The exploit has been publicly disclosed, increasing the risk that threat actors may actively target installations of this software. Organizations using Campcodes Payroll Management System should treat this vulnerability with high priority.
Root Cause
The root cause of this vulnerability is insufficient input validation and the lack of parameterized queries in the application's database layer. The ID parameter passed to the save_deductions action is directly concatenated into SQL statements without proper sanitization, escaping, or the use of prepared statements with bound parameters.
This is a classic SQL injection pattern where user-controlled input flows directly into database queries. The application trusts the ID parameter implicitly rather than treating it as potentially malicious input that requires validation and safe handling.
Attack Vector
The attack vector for CVE-2025-7220 is network-based, requiring no authentication or user interaction. An attacker can craft malicious HTTP requests to the /ajax.php?action=save_deductions endpoint with SQL injection payloads embedded in the ID parameter.
The vulnerability allows for various SQL injection techniques including:
- Union-based injection to extract data from other database tables
- Boolean-based blind injection to infer database contents
- Time-based blind injection for data exfiltration when direct output is not available
- Stacked queries (if supported by the database driver) for executing arbitrary SQL commands
Additional technical details and proof-of-concept information are available in the GitHub CVE Issue Discussion and VulDB entry #315169.
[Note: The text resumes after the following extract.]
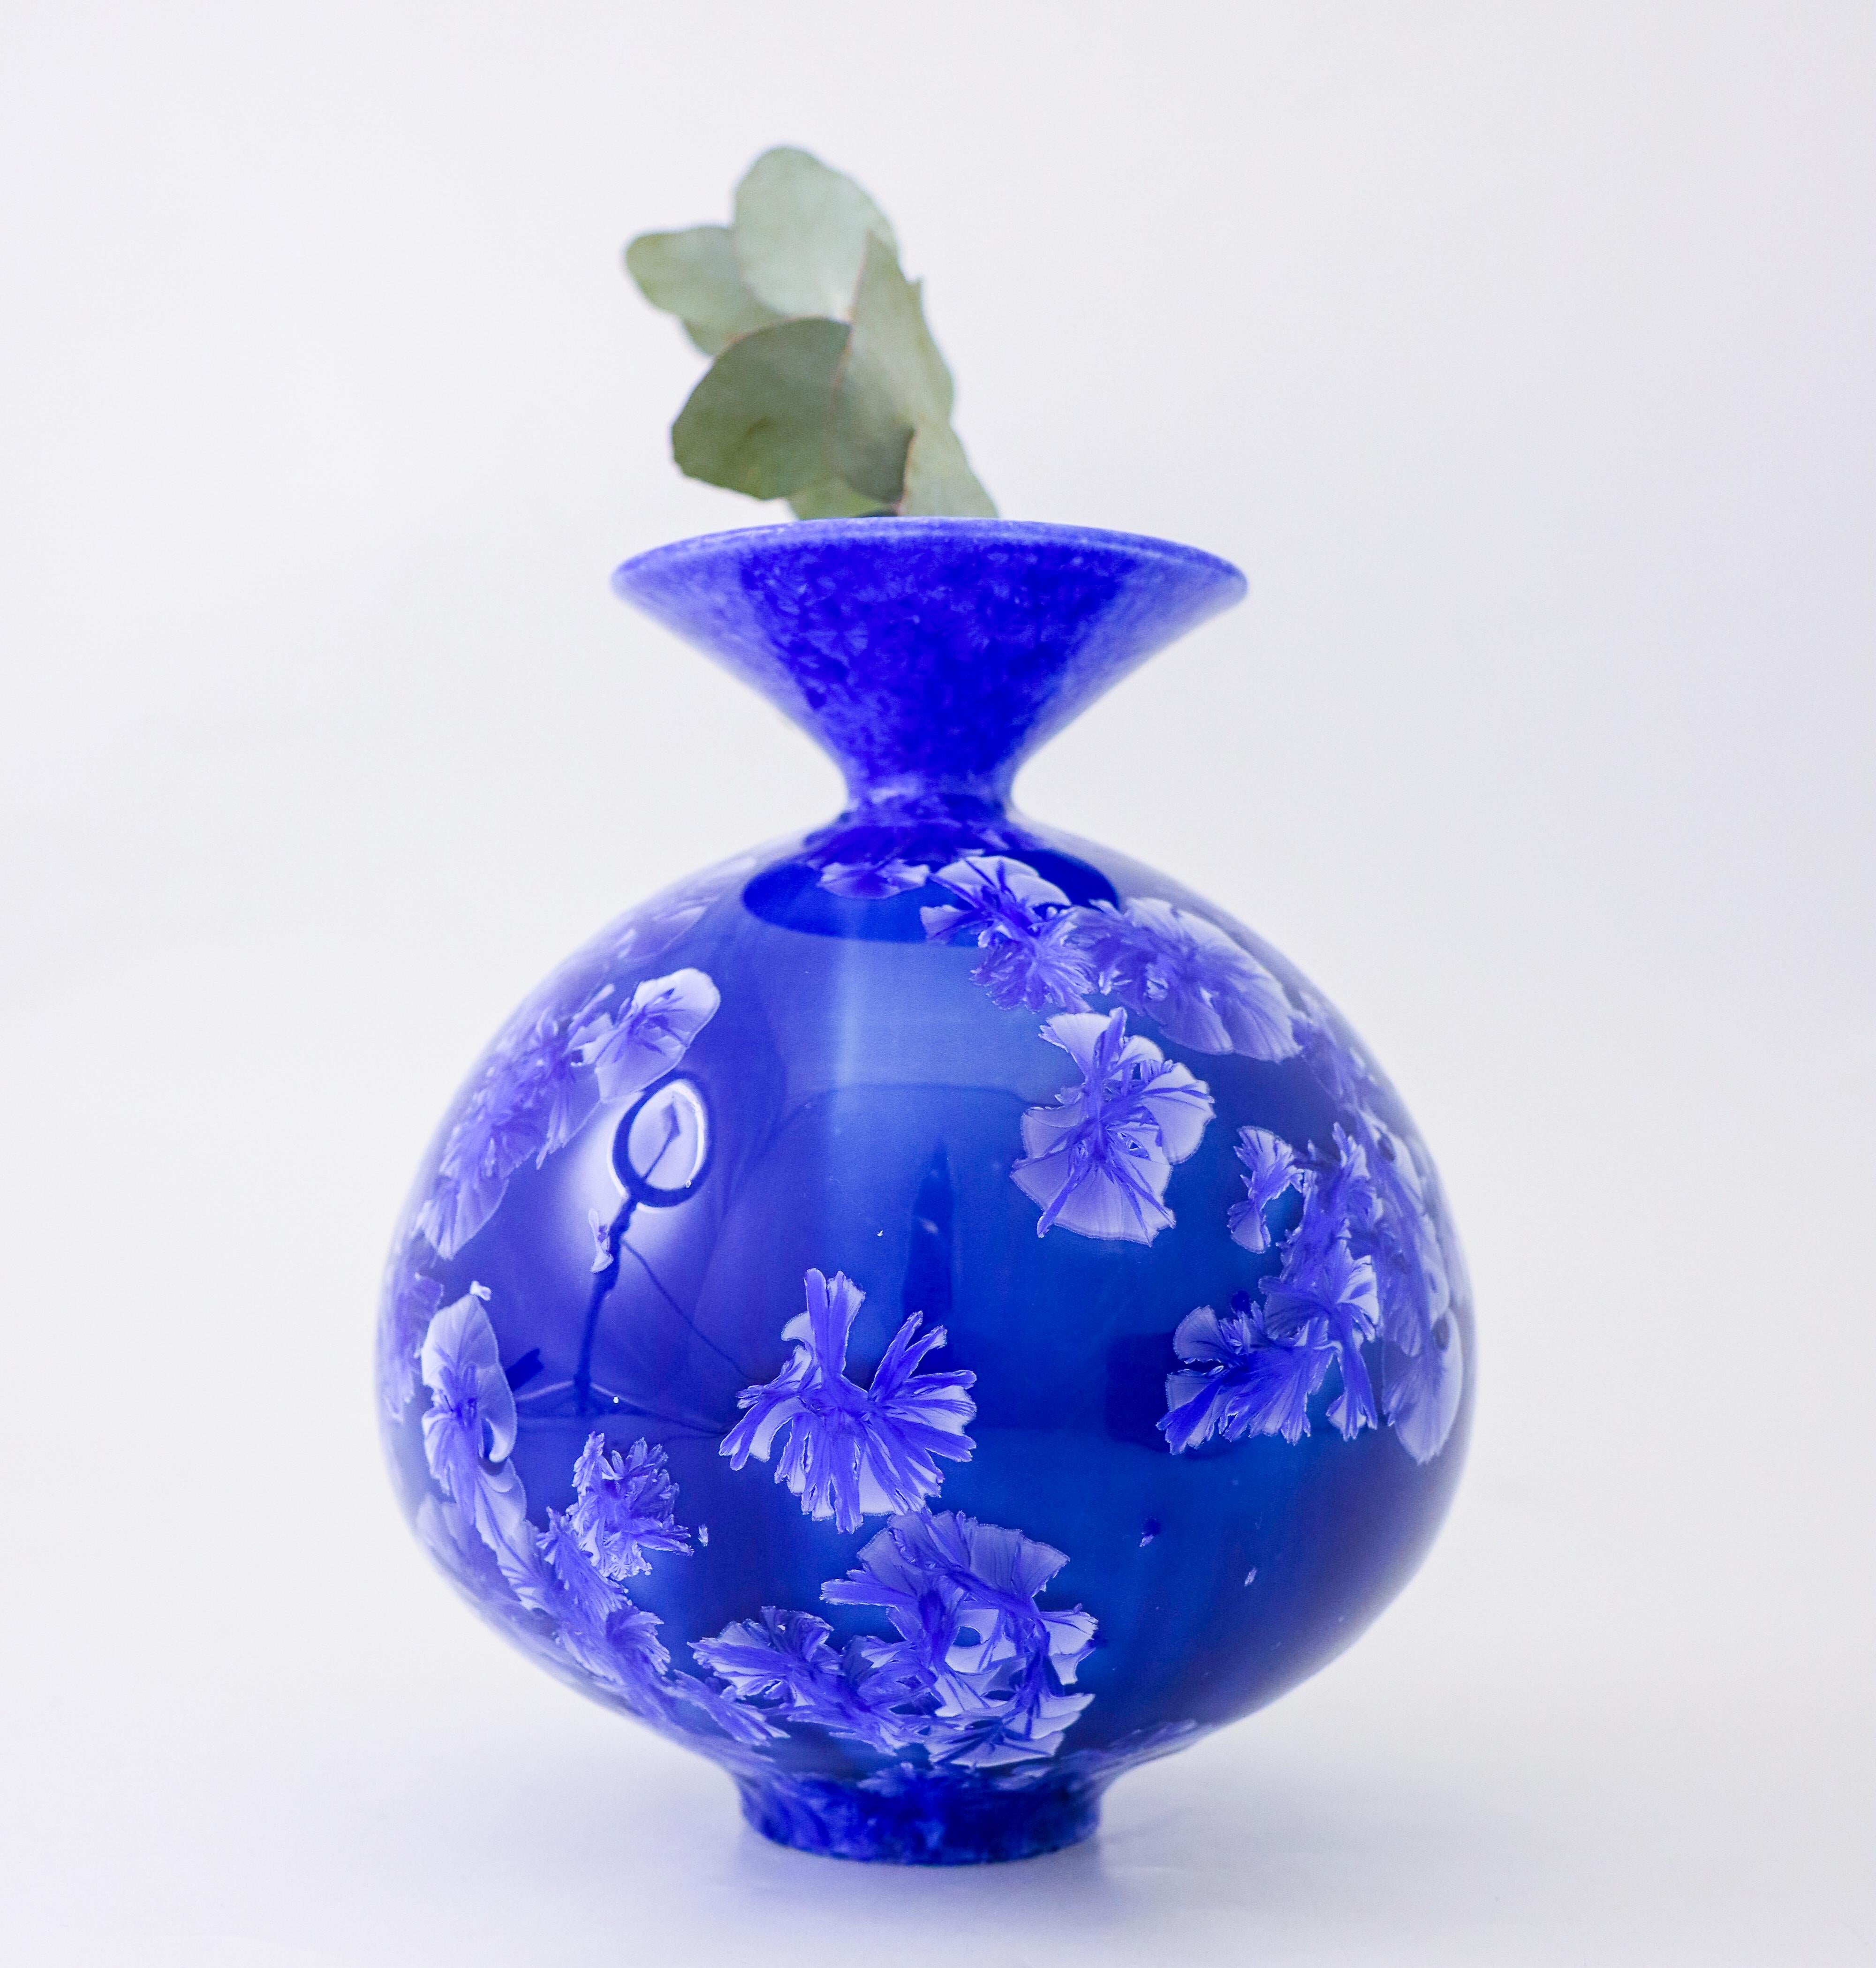 Scandinavian Modern Isak Isaksson Blue Ceramic Vase Crystalline Glaze Contemporary Artist For Sale

Detection Methods for CVE-2025-7220
Indicators of Compromise
- Unusual or malformed requests to /ajax.php?action=save_deductions containing SQL syntax characters such as single quotes, double dashes, semicolons, or UNION keywords
- Database error messages in application logs indicating syntax errors from injected SQL
- Unexpected database query patterns or access to tables outside normal application behavior
- Evidence of data exfiltration or bulk data access from payroll-related database tables
Detection Strategies
- Implement Web Application Firewall (WAF) rules to detect and block SQL injection patterns targeting the /ajax.php endpoint
- Enable detailed logging for all requests to the save_deductions action and monitor for suspicious ID parameter values
- Deploy database activity monitoring to identify anomalous query patterns or unauthorized data access
- Use intrusion detection systems with signatures for common SQL injection attack patterns
Monitoring Recommendations
- Set up real-time alerting for HTTP requests containing SQL injection indicators (quotes, comments, UNION statements) in the ID parameter
- Monitor database logs for failed authentication attempts or privilege escalation queries
- Track application error rates, as SQL injection attempts often trigger parsing errors before successful exploitation
- Implement anomaly detection for data access patterns that deviate from normal payroll processing workflows
How to Mitigate CVE-2025-7220
Immediate Actions Required
- Restrict network access to the Campcodes Payroll Management System to trusted IP addresses only until a patch is available
- Implement input validation on the ID parameter to accept only numeric values
- Deploy a Web Application Firewall with SQL injection protection in front of the application
- Review database logs for signs of prior exploitation and assess potential data exposure
- Consider taking the application offline if it contains highly sensitive data and cannot be adequately protected
Patch Information
At the time of publication, no official patch from the vendor has been identified for this vulnerability. Organizations should monitor the CampCodes website for security updates. Given the critical nature of this SQL injection vulnerability and the sensitivity of payroll data, organizations unable to apply mitigations should strongly consider alternative solutions.
Workarounds
- Implement application-level input validation to ensure the ID parameter only accepts expected integer values
- Use a reverse proxy or WAF to filter requests containing SQL injection patterns before they reach the application
- Apply database-level access controls to limit the application's database user permissions to the minimum required
- If source code access is available, modify the vulnerable code to use parameterized queries or prepared statements
# Example WAF rule to block SQL injection in ID parameter (ModSecurity syntax)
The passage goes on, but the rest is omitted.